Thursday, November 09, 2006

Dear Umair, please pay me a royalty.

Why would Microsoft pay per unit Zune royalties to Universal Music?

For the same reasons that 70c of every dollar spent at ITunes goes to the record company - they own the unique resource, and if you want to use those resources (legally), you have to pay the monopoly rent they demand.

Keen students will note that the margin for ITunes is a mere 30c per download; projecting that competition, primarily based on end-user price, will arrive from Napster, Zune etc. who are the only parties in this collaboration likely to be long term winners?

That's right: those pesky copyright holders, the record companies.

Margins for the reseller will be eroded over time, as the dumbest player on the block tries to capture share by dumping their margin. Do you think it is likely the record companies will drop their prices?
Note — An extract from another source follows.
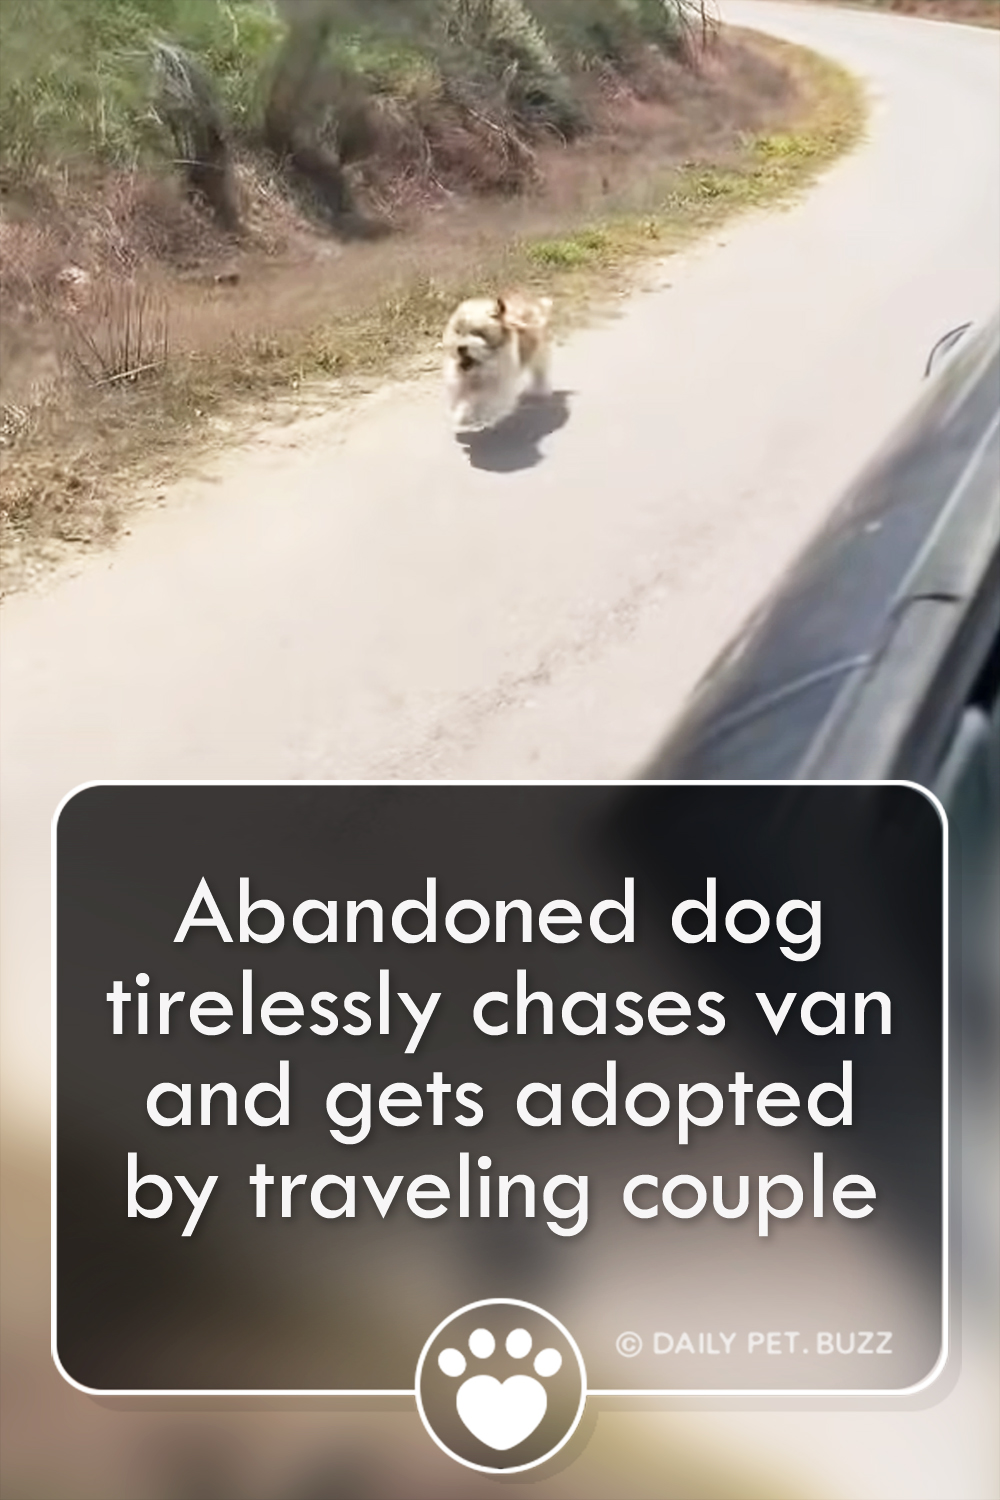 Abandoned dog tirelessly chases van and gets adopted by traveling couple

Not at all; in fact, they are already trying the opposite.

If you analyse this carefully, the real money for MSFT in digital music is in the sale of the device, not the music.

Without a device to drive real profits to them, resellers like Napster are going to get squeezed, just like Intel squeezed their entire value chain more than 10 years ago with Intel Inside. They will be squeezed by end user price cuts and squeezed by supply side input price hikes. Napster have been good enough to mention these risks in their most recent 10K SEC filing:

"We rely on content provided by third parties, which may not be available to us on commercially reasonable terms or at all. "

"If we lower our prices [to compete with lower priced competition], our gross margins and operating results will be adversely affected. If we do not lower our prices, we may be unable to compete with discount services."

Ouch.

MSFT may just have hit on a smart way to avoid at least one end of that squeeze.